When to Use This vs. a Framework
| Scenario | Raw Loop | Framework |
|---|---|---|
| Two to five tools, simple logic | Use raw loop | Overkill |
| Need human approval per tool | Use raw loop (insert approval step) | Framework may abstract it away |
| Multi-agent orchestration | Use raw loop (you control routing) | Framework helps if it matches your pattern |
| Complex state machines | Framework (if it fits) | Otherwise raw loop |
| Debugging tool selection | Raw loop (full visibility) | Framework adds indirection |
| Production at scale | Framework (if you trust it) | Raw loop (if you need control) |
Frameworks like LangGraph and AutoGen add state persistence, retry logic, and visual debugging. They also add abstraction layers that hide what the model actually returned.
Start with the raw loop. Add a framework when you need features you don’t want to build yourself.
Failure Modes
Model refuses to call a tool: The description was too vague or the user question didn’t match. Rewrite the description to be more explicit.
Model calls the wrong tool: The descriptions overlap. Make them mutually exclusive or add a routing tool that picks the right one.
Infinite loop: The model keeps calling the same tool. The MAX_ITERATIONS guardrail stops runaway loops globally. For finer control, add a check that stops if the same tool is called twice in a row with identical arguments.
Tool returns too much data: The result exceeds the context window. Truncate the result or summarize it before appending.
Parallel tool calls fail: One tool succeeds, one fails. The model sees partial results. Either retry the failed call or let the model handle the partial data.
Technical Verdict
Use this pattern if:
- You control all tool implementations. The 60-line loop assumes synchronous execution. If your tools are third-party APIs with unpredictable latency (>500ms), you need async handling or a framework that manages it.
- Tool execution is fast (<500ms per call). The loop blocks on each tool. Slow tools will time out user requests. Frameworks like LangGraph handle async tool execution and timeouts.
- You need to inspect every model decision. The raw loop gives you full visibility into tool selection, arguments, and results. Frameworks add indirection that makes debugging harder.
- Your team understands state machines. The loop is simple but requires reasoning about message history, termination conditions, and error propagation. If your team is unfamiliar with these patterns, a framework provides guardrails.
Avoid this pattern if:
- Tools require human approval between calls. You can insert an approval step, but frameworks like AutoGen and LangChain have built-in human-in-the-loop primitives.

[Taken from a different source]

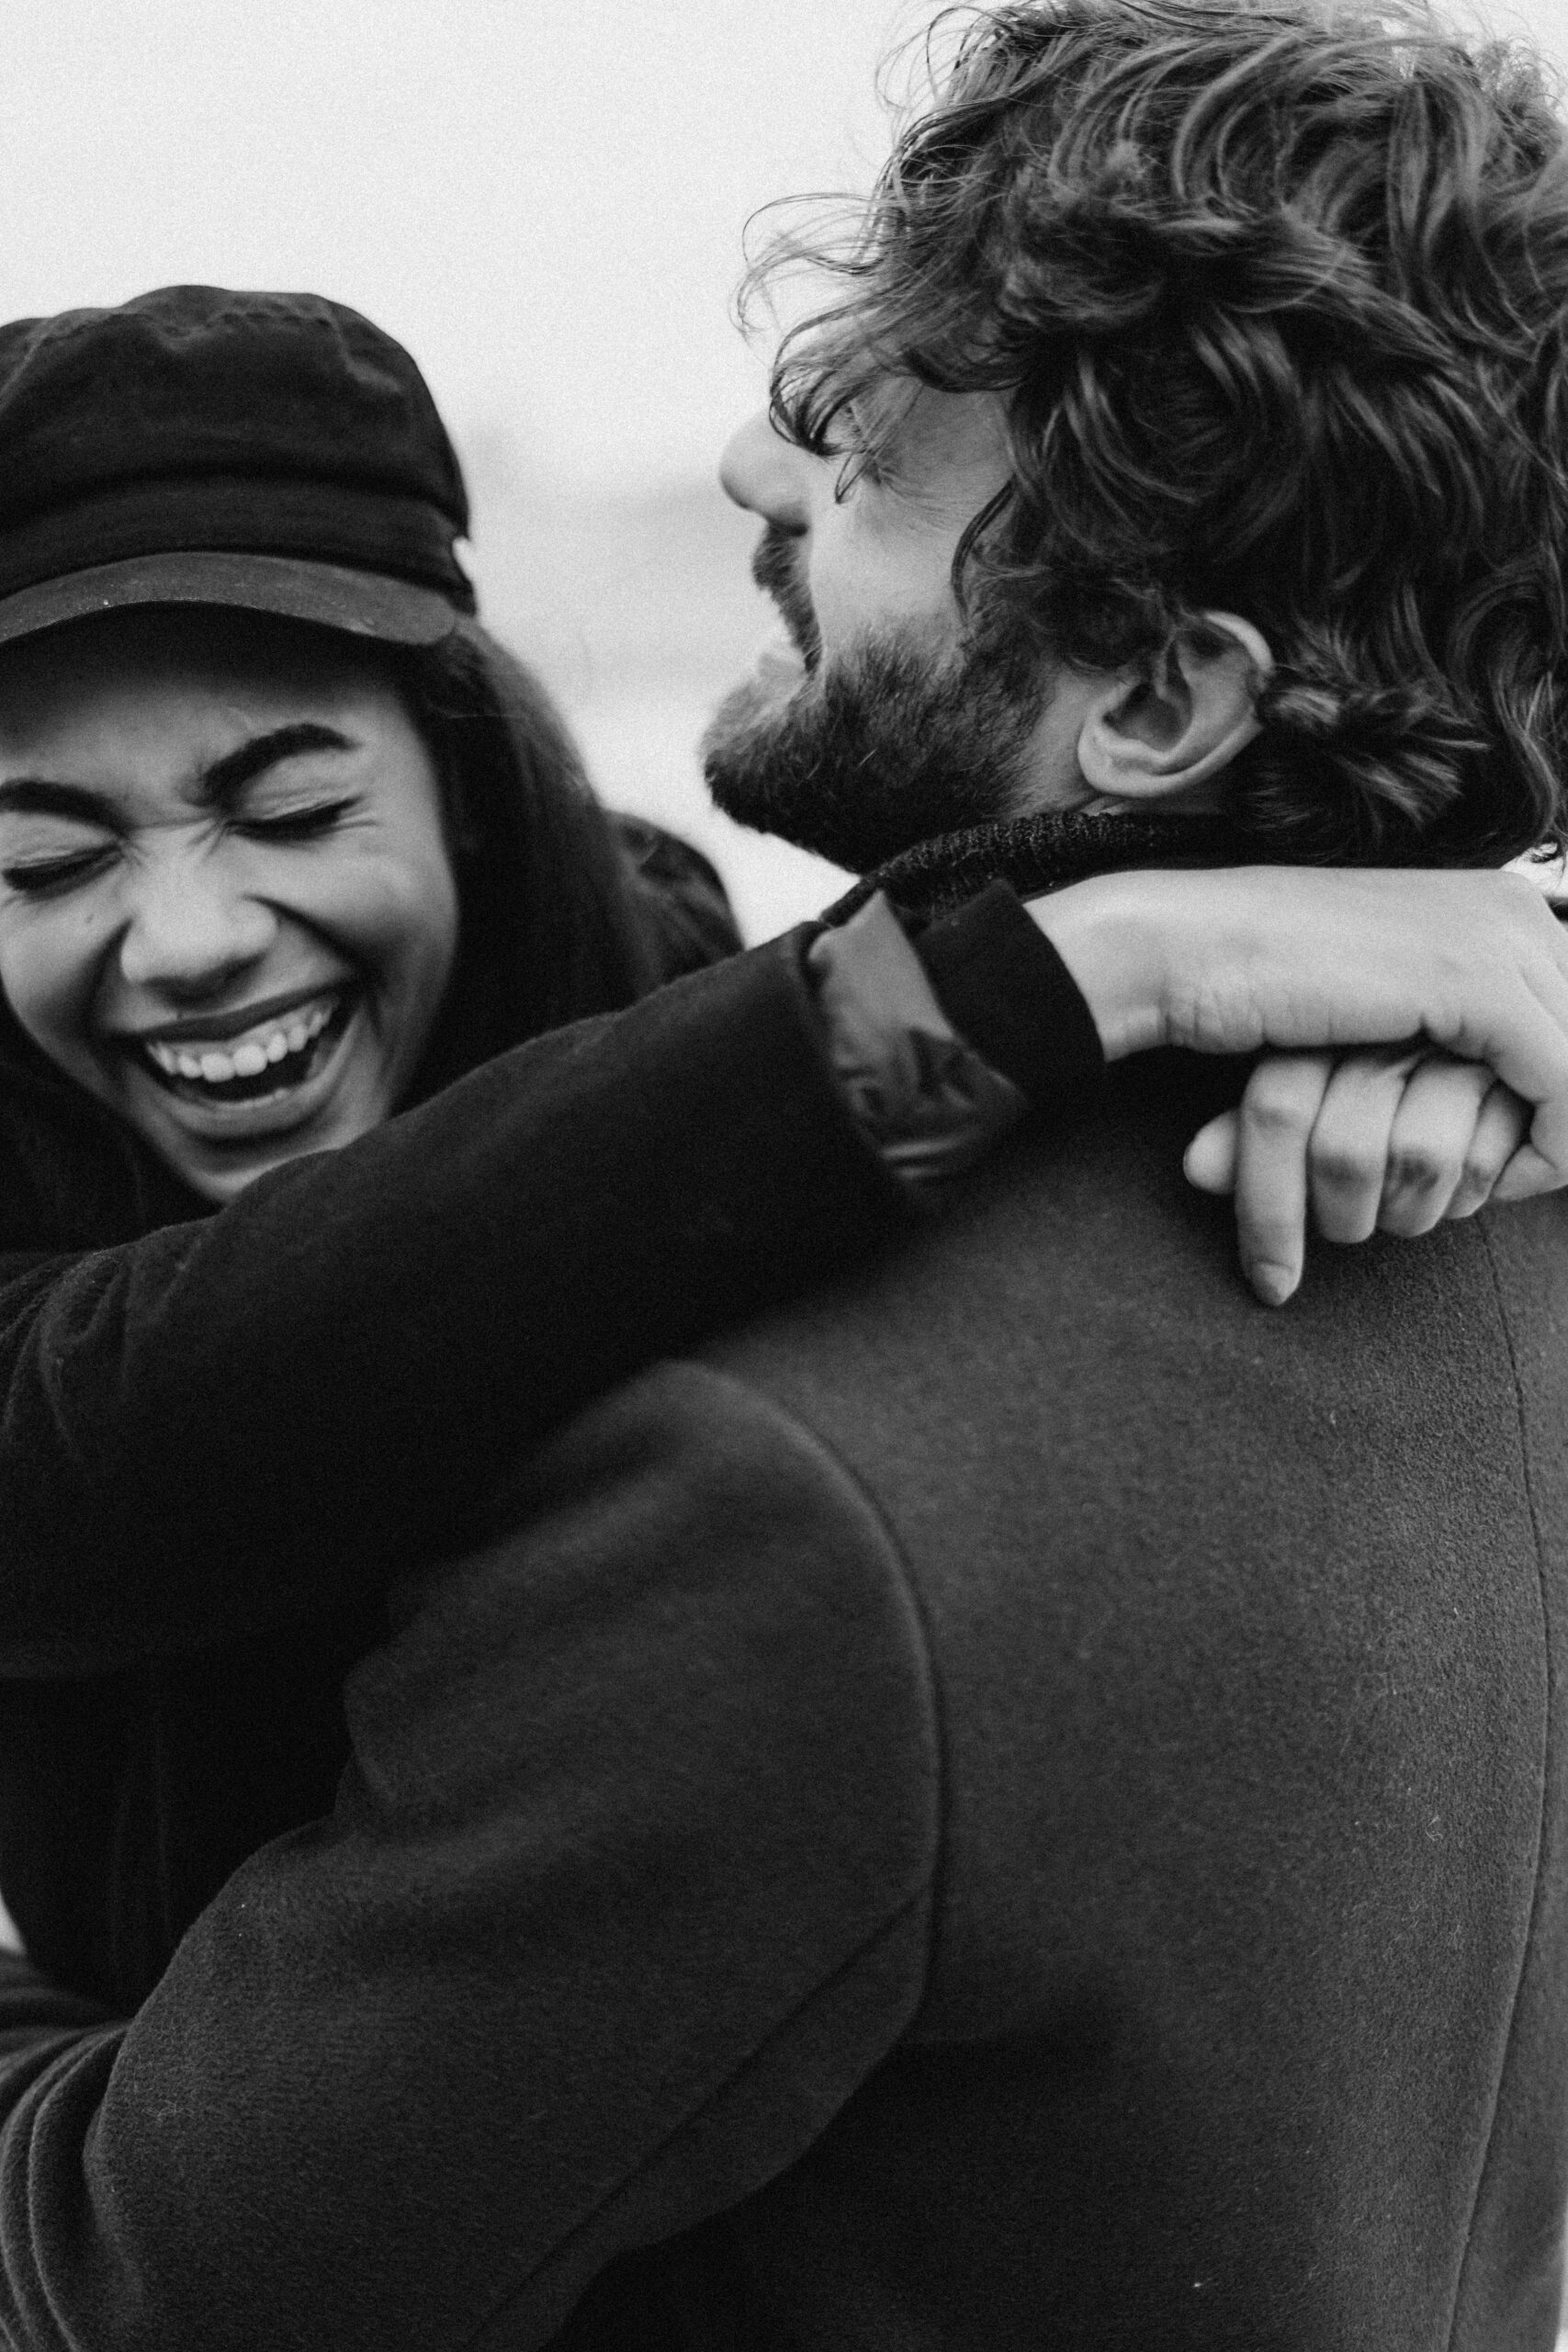 Black and white image of a couple with their arms around each other, laughing.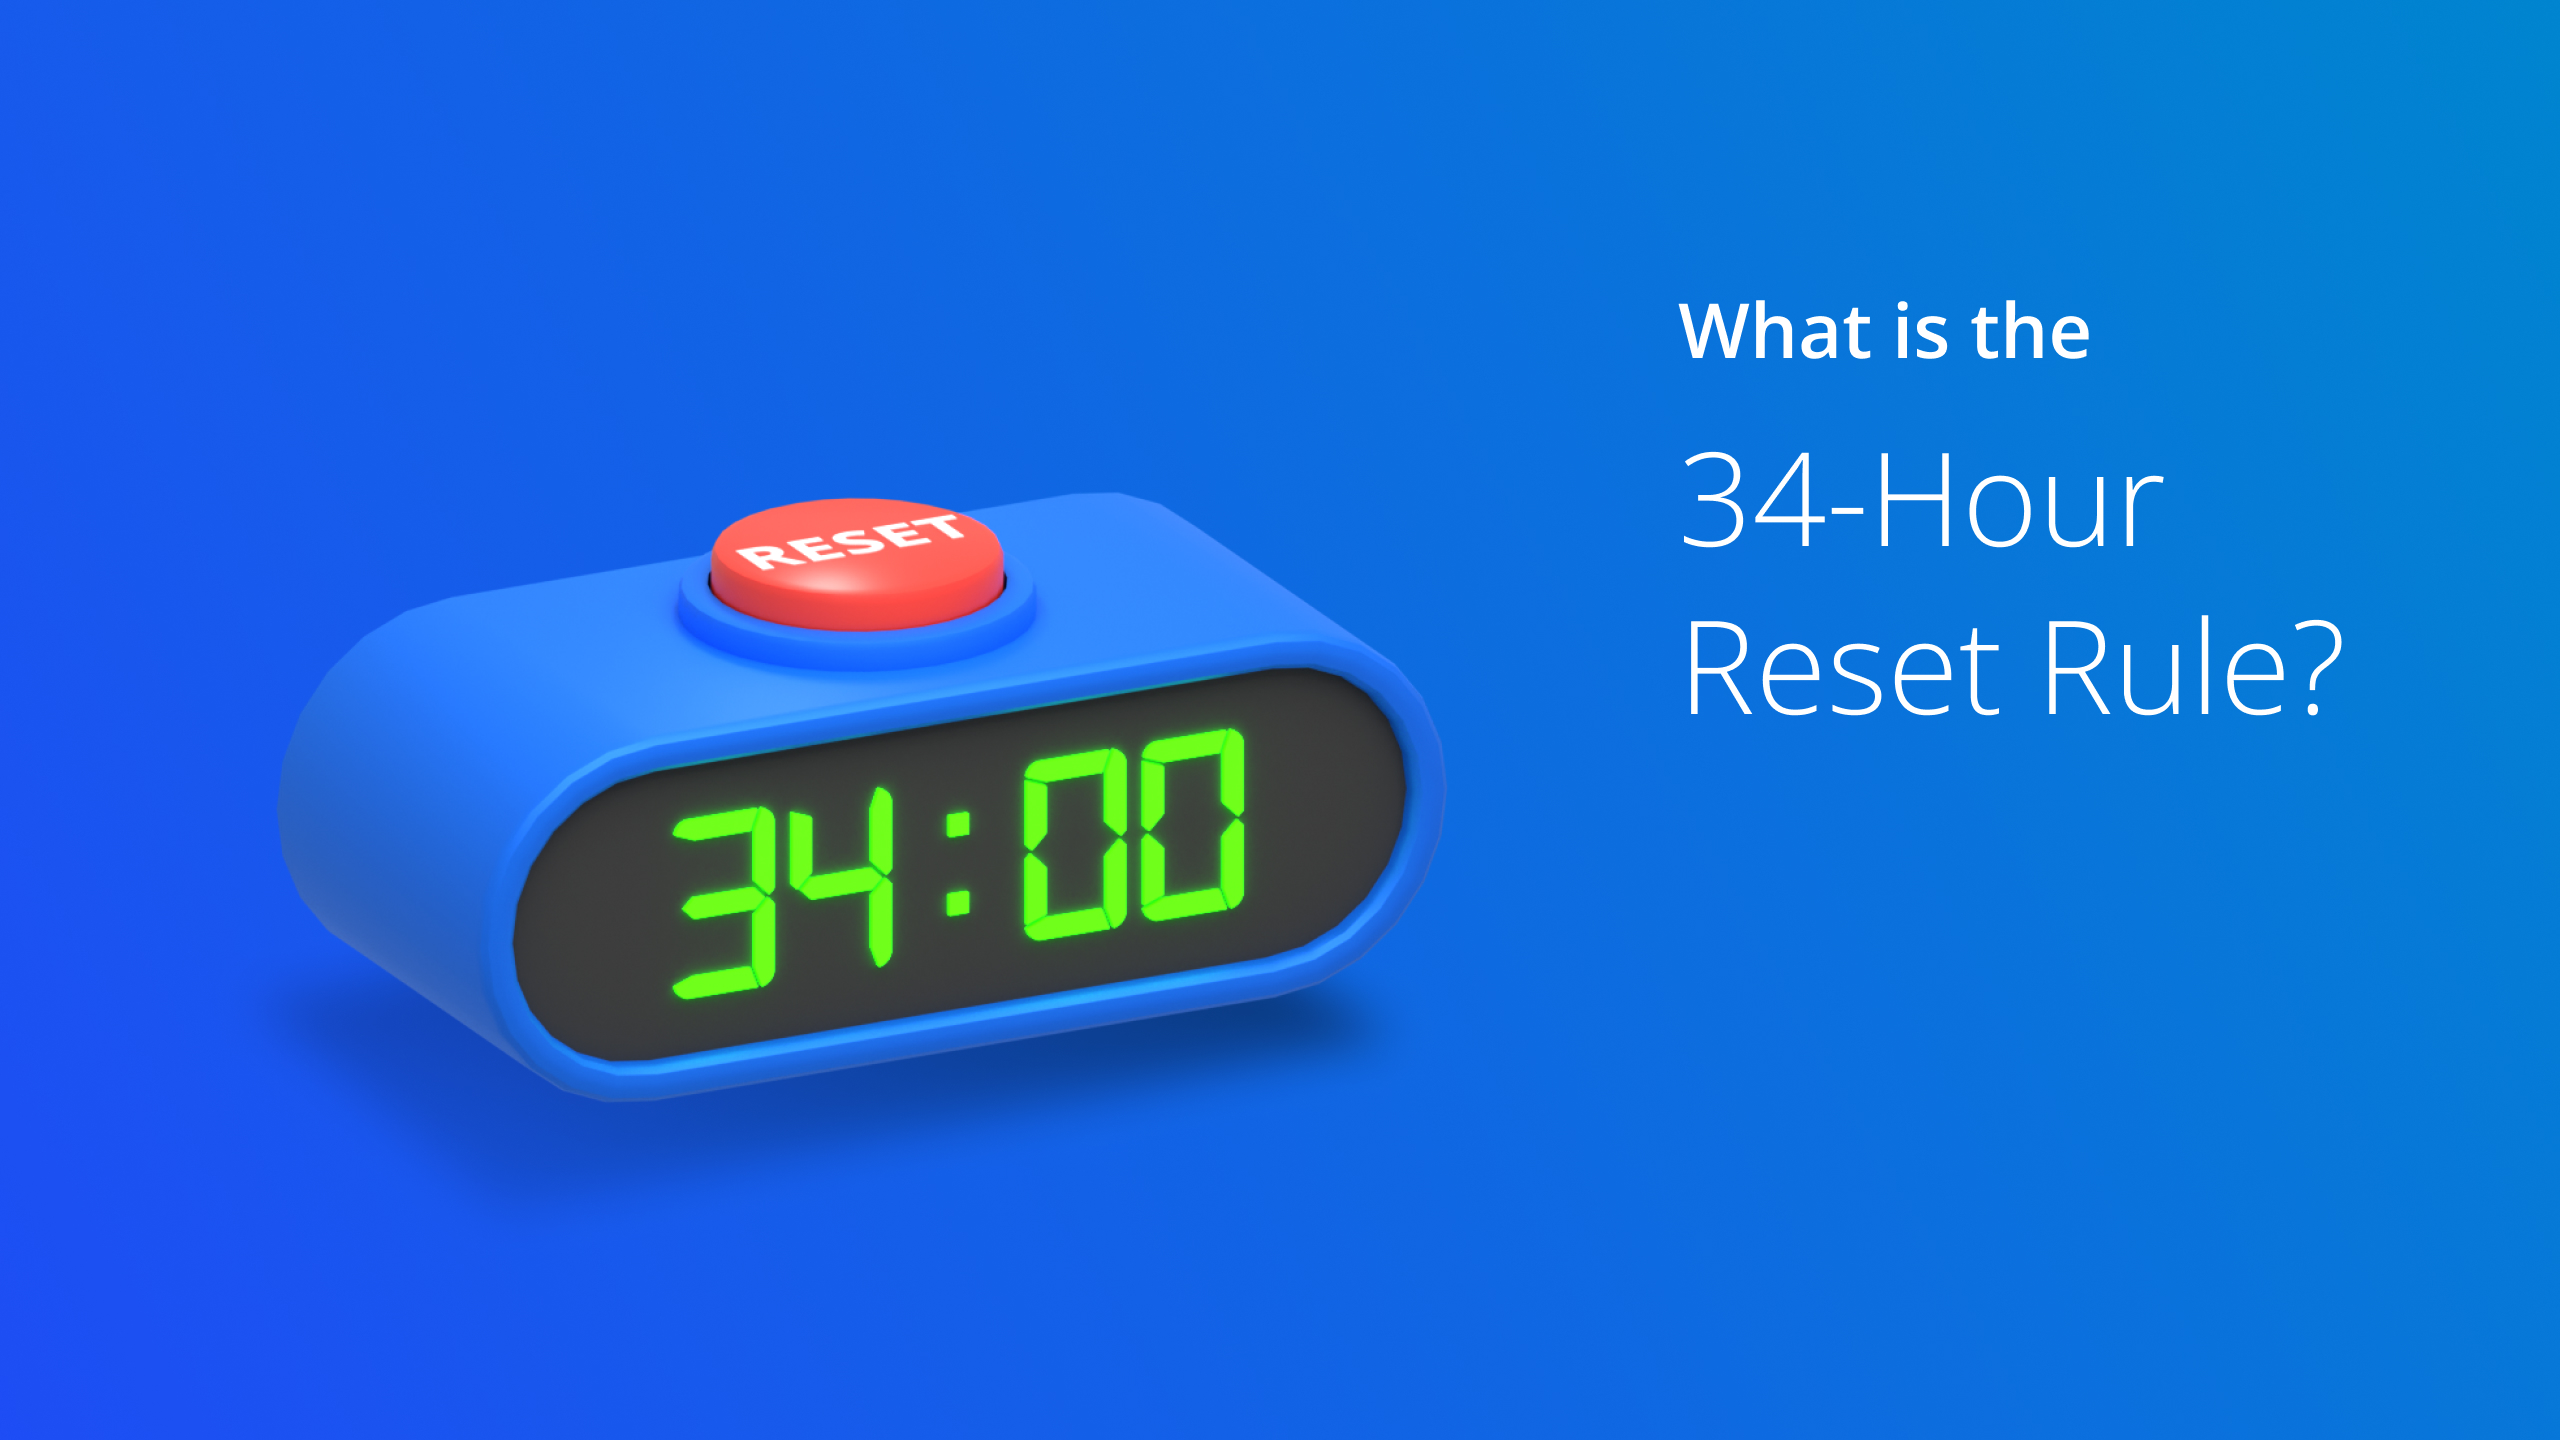 How long does a 34-hour restart really take?

- You need automatic retries across multiple servers. The raw loop runs in a single process. Distributed retry logic requires state persistence and orchestration that frameworks provide.
- Tool latency is unpredictable. The synchronous loop will block. Frameworks handle async execution, timeouts, and fallback strategies.
- You need visual debugging. LangGraph and similar tools provide DAG visualizations of agent execution. The raw loop requires manual log inspection.
The loop is simple. The model returns a structured request. You execute it. You append the result. You call the model again. That’s the entire pattern. Build it once so you know what frameworks are doing under the hood.